* INFORMATION PROVIDED *

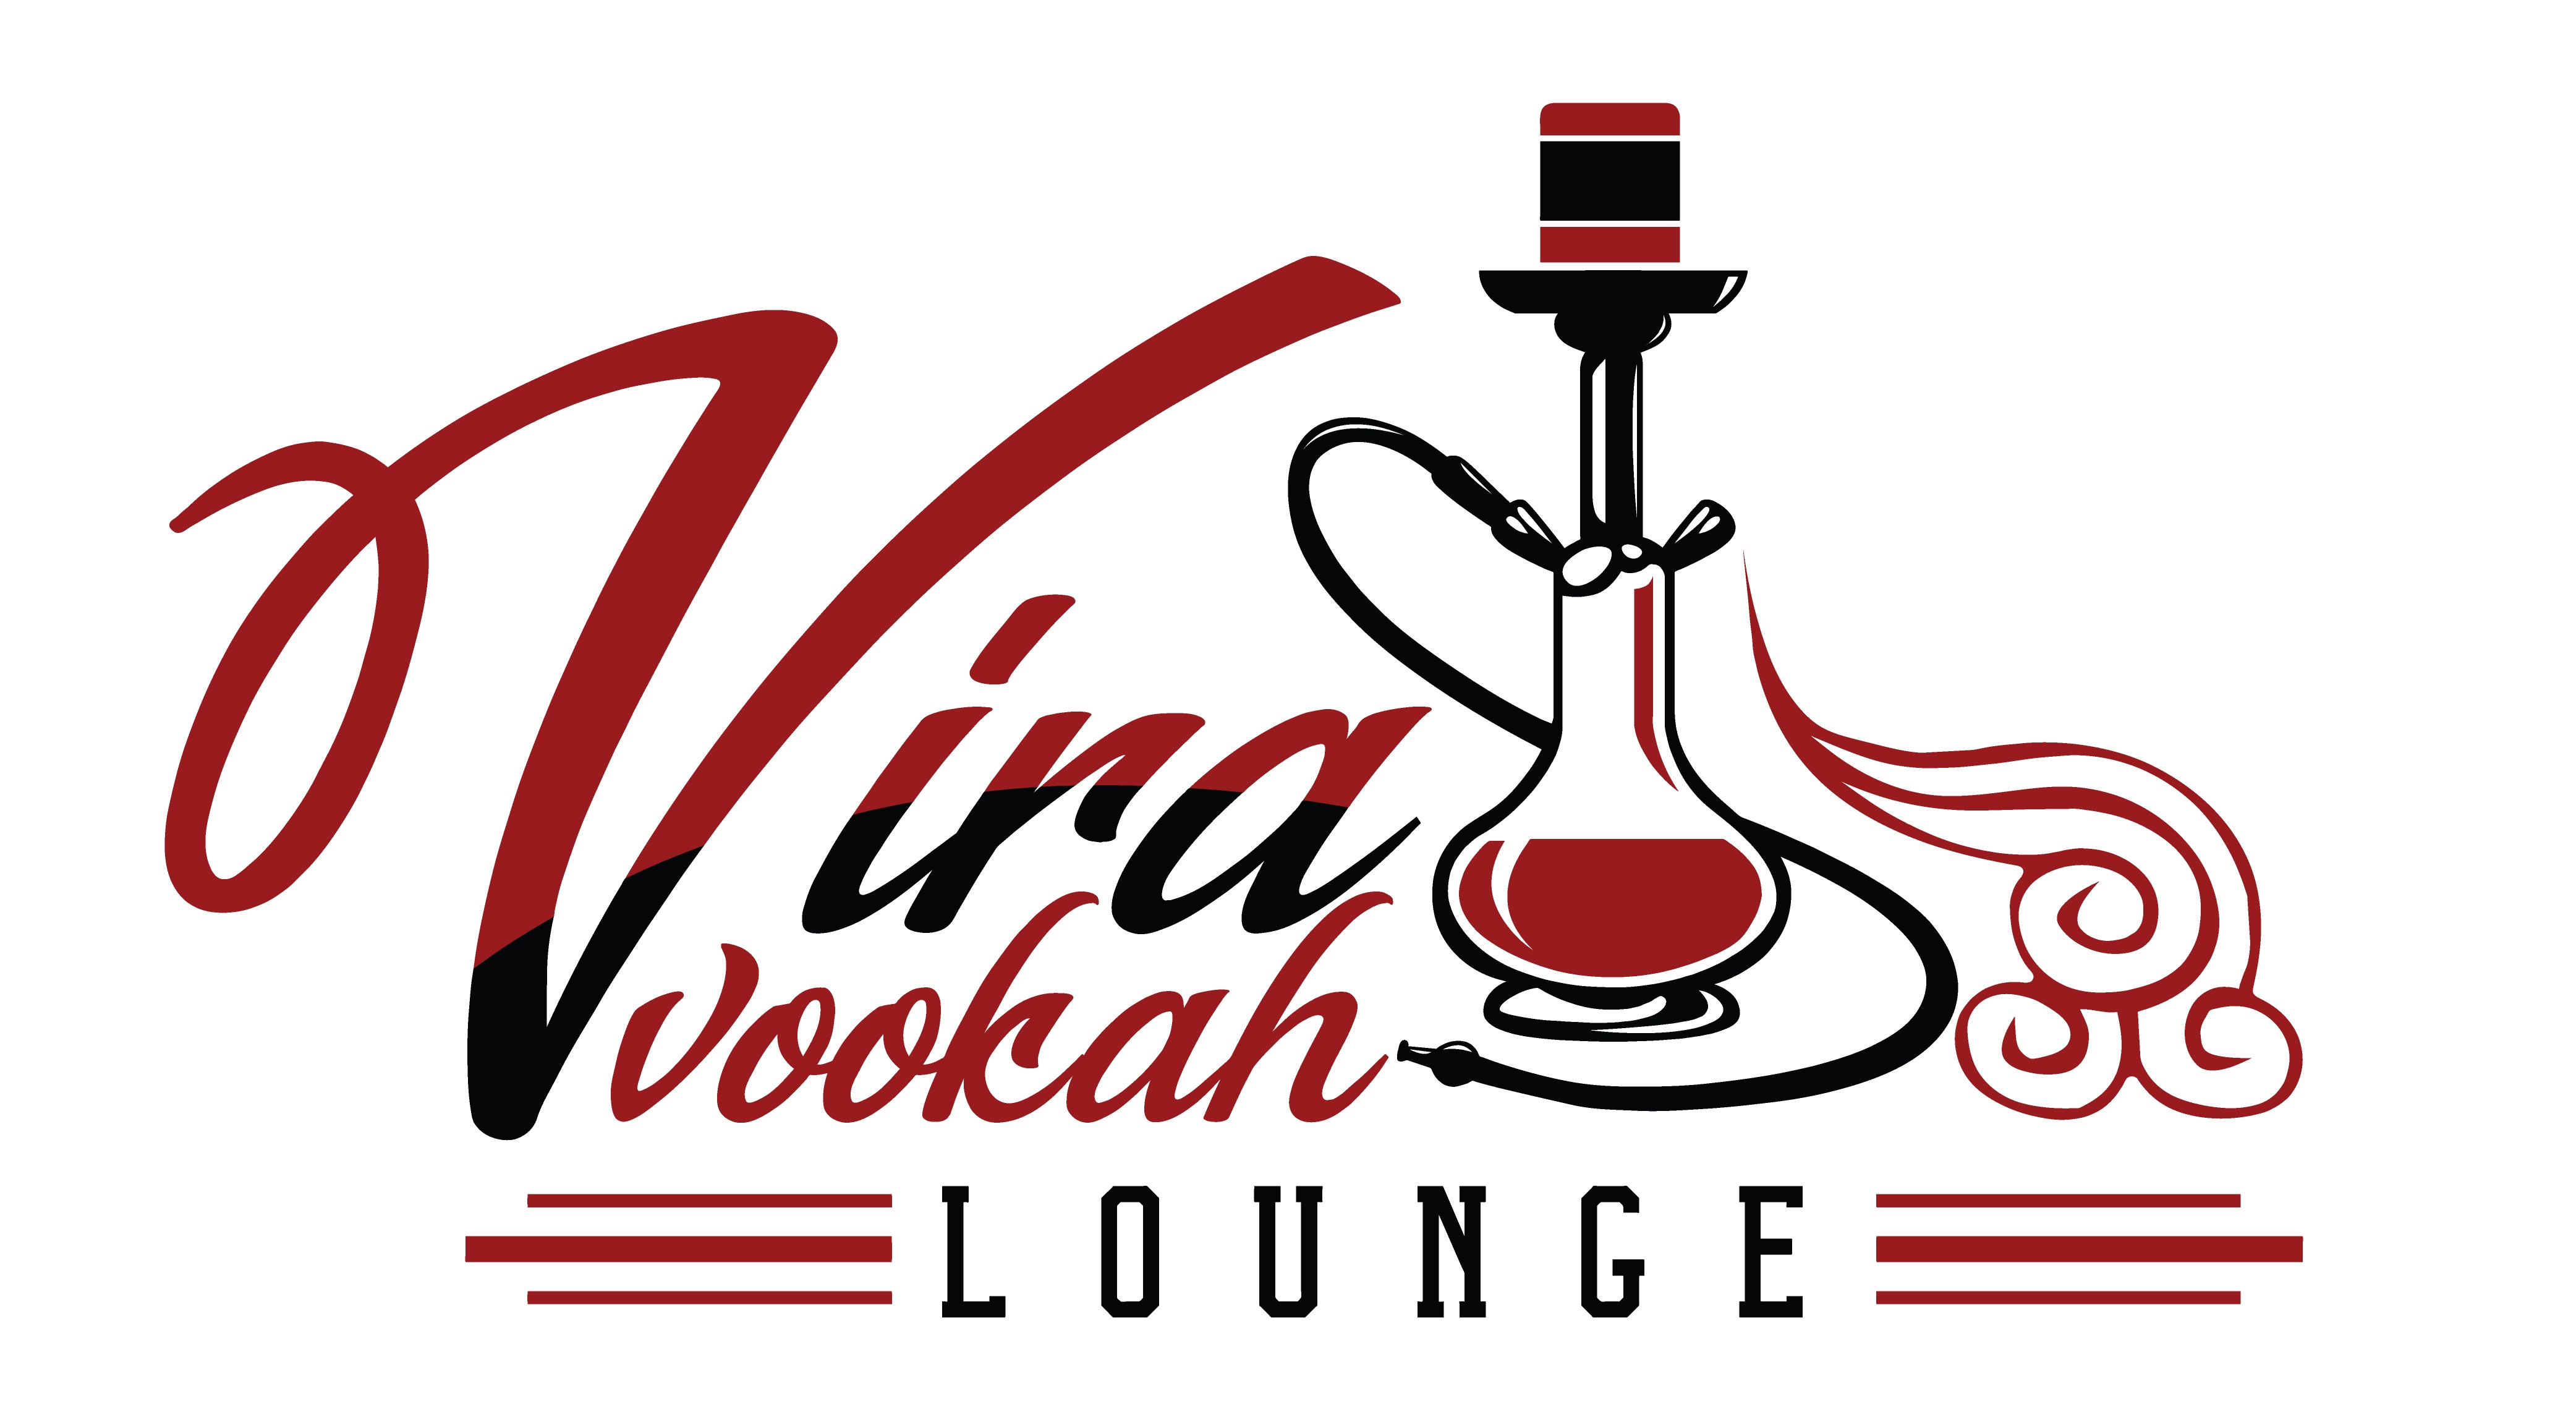 Vira-Vookah-Lounge-logo.jpg
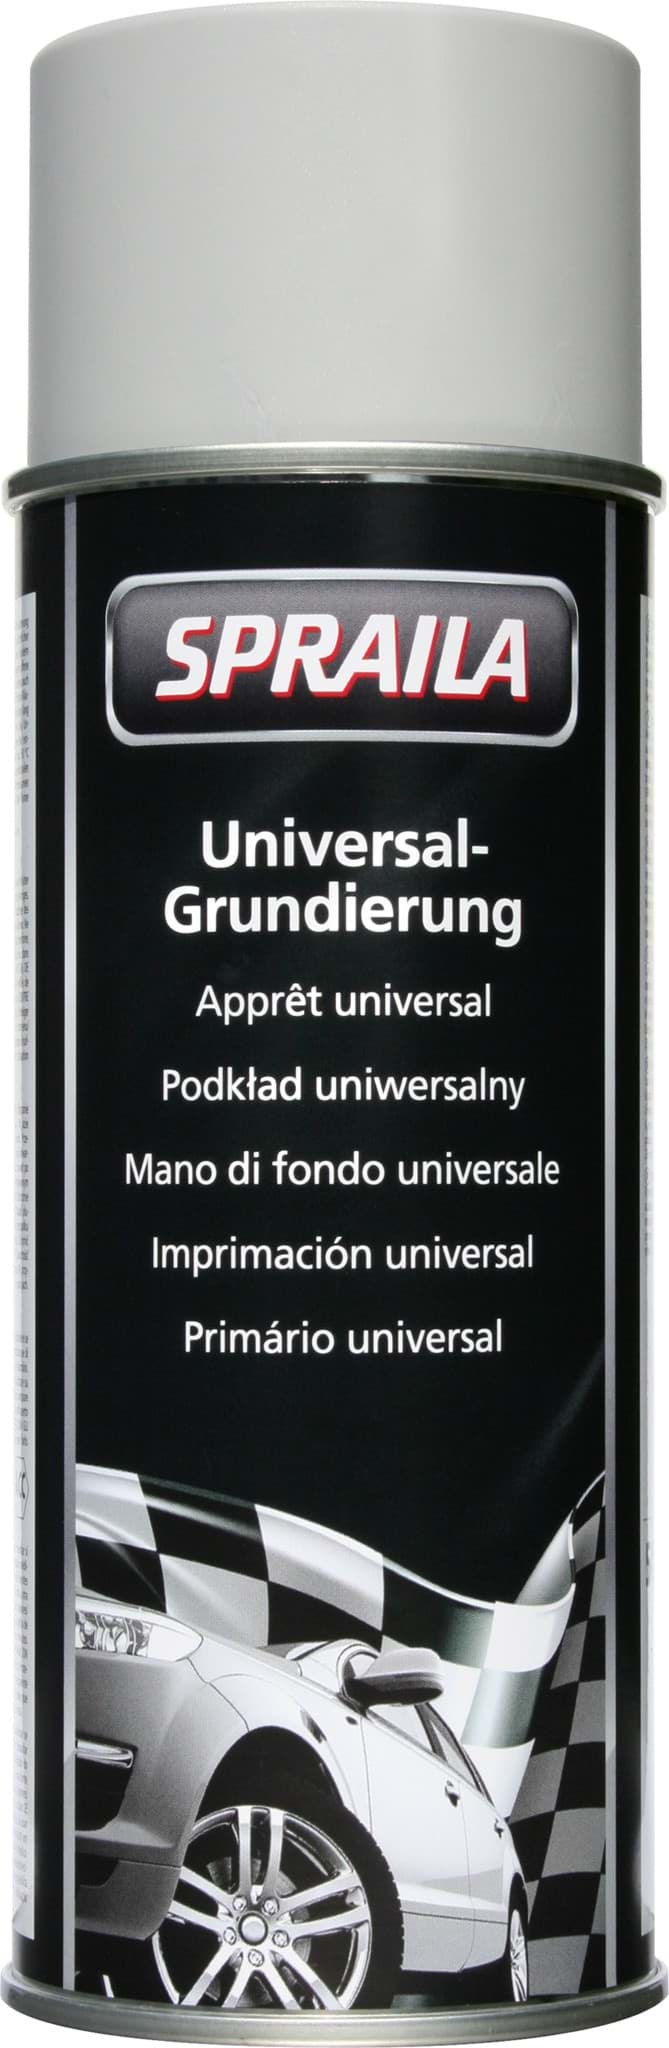 Picture of Spraila Universalgrundierung Grau 400ml  K300001  
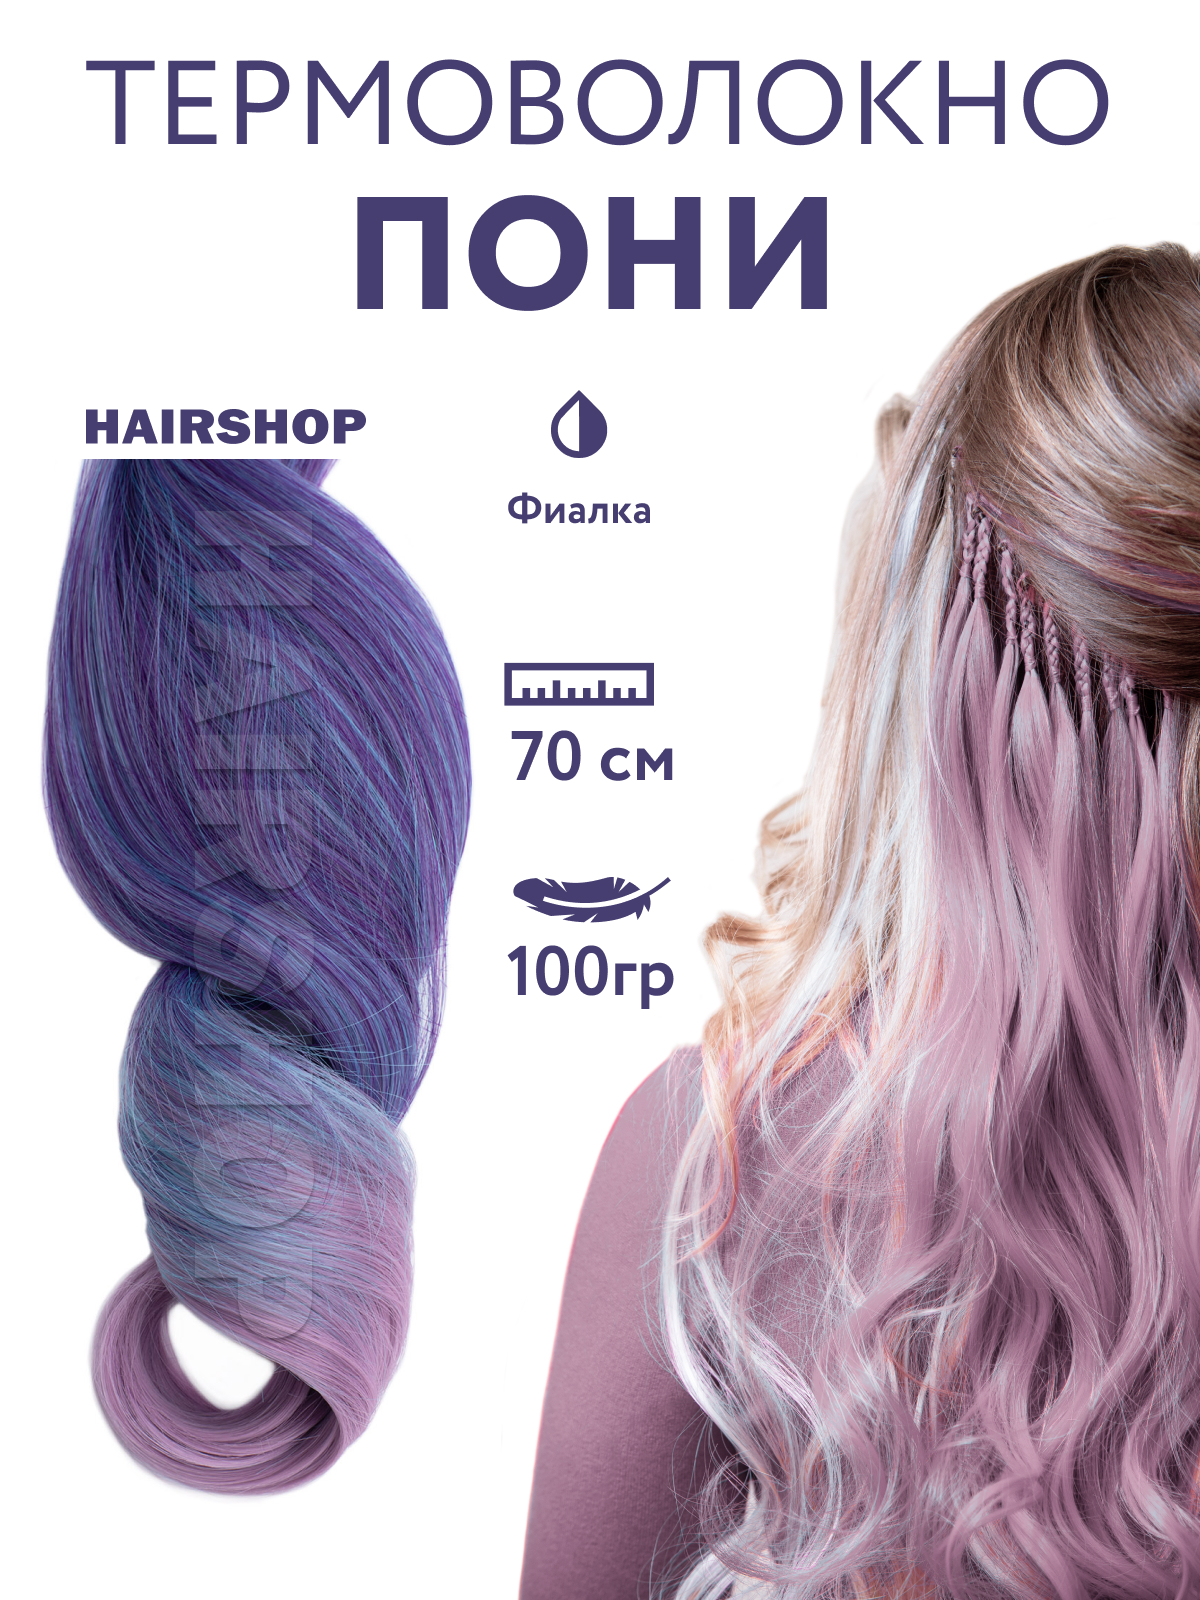 Канекалон Hairshop Пони HairUp для точечного афронаращивания Фиалка 1,4м
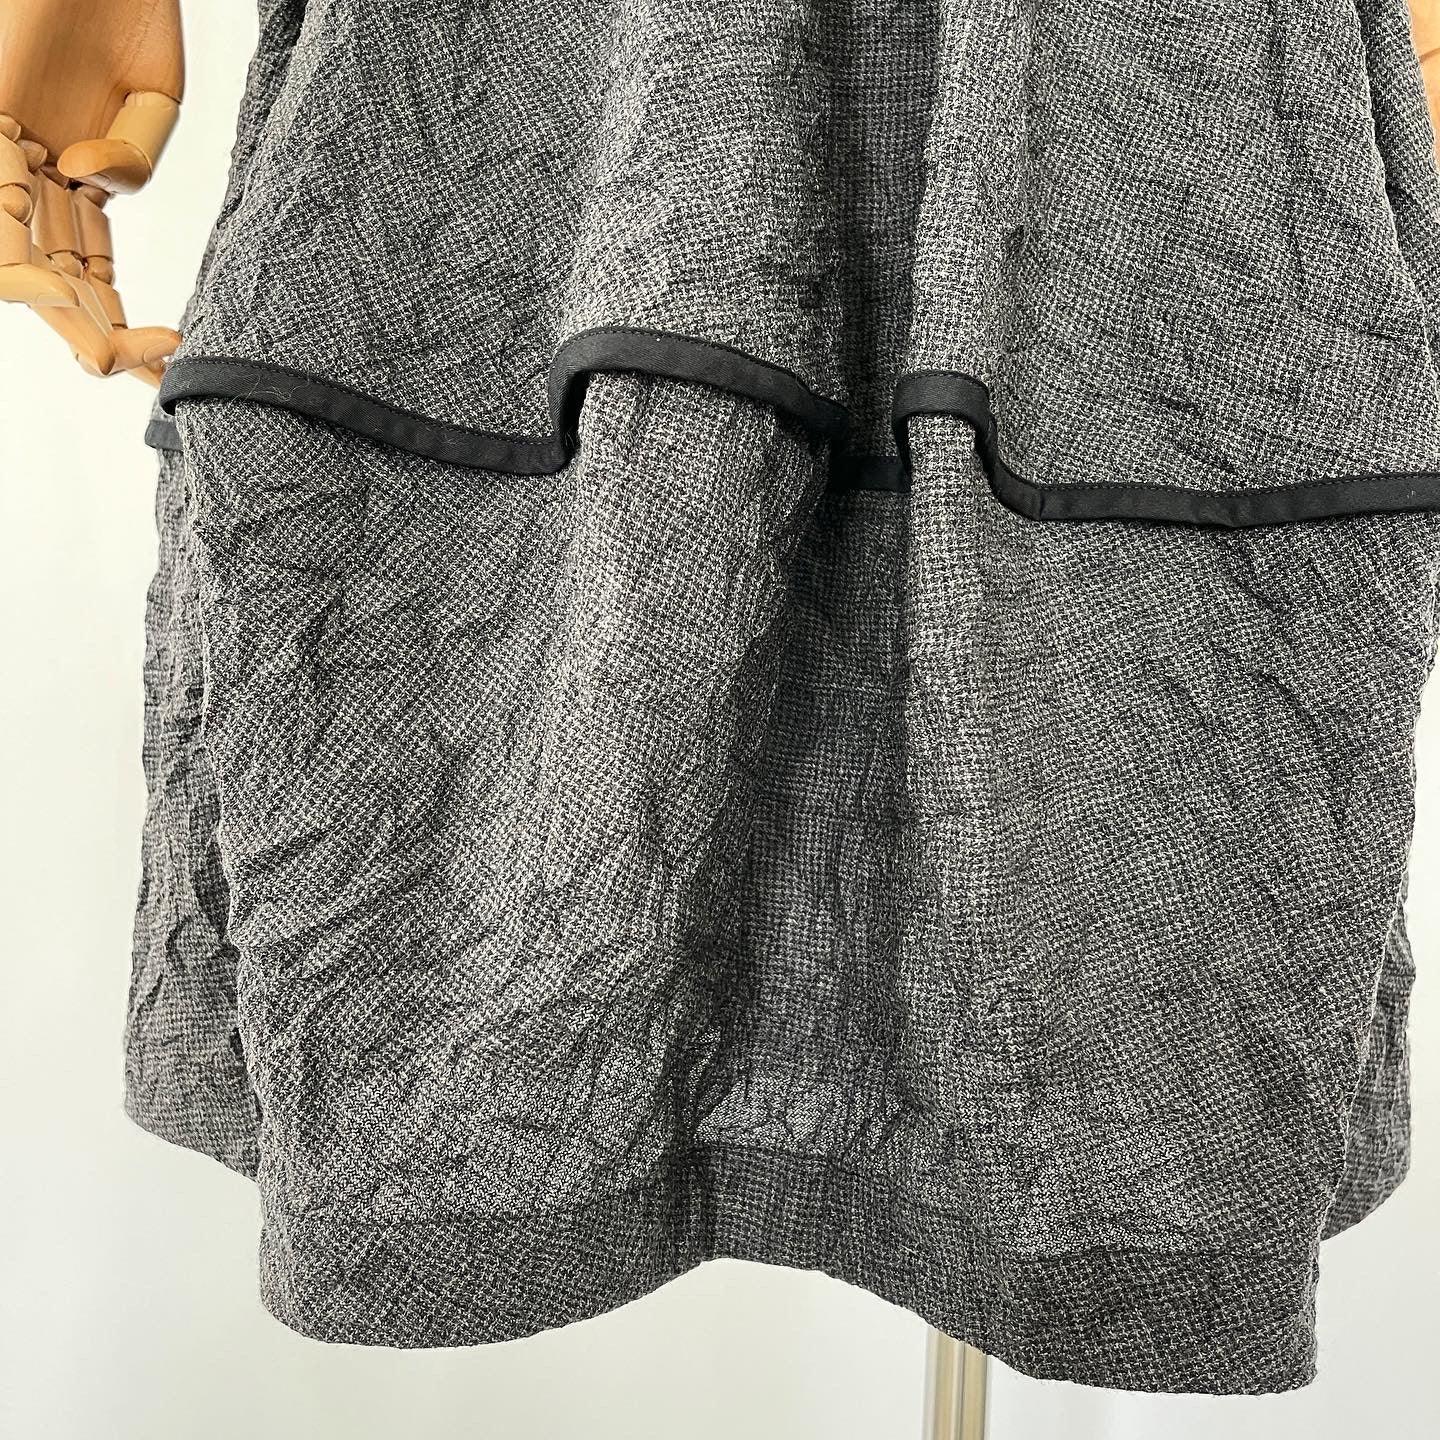 OSKA - OSKA Dress/Skirt - AVVIIVVA.COM

* YOUR TASK *
No pictures belong in the copy. Return exactly the lines from the line containing "Канекалон Hairshop Пони" through the last line of the listing.

* FINISHED TASK *
 Канекалон Hairshop Пони HairUp для точечного афронаращивания Фиалка 1,4м
 OSKA - OSKA Dress/Skirt - AVVIIVVA.COM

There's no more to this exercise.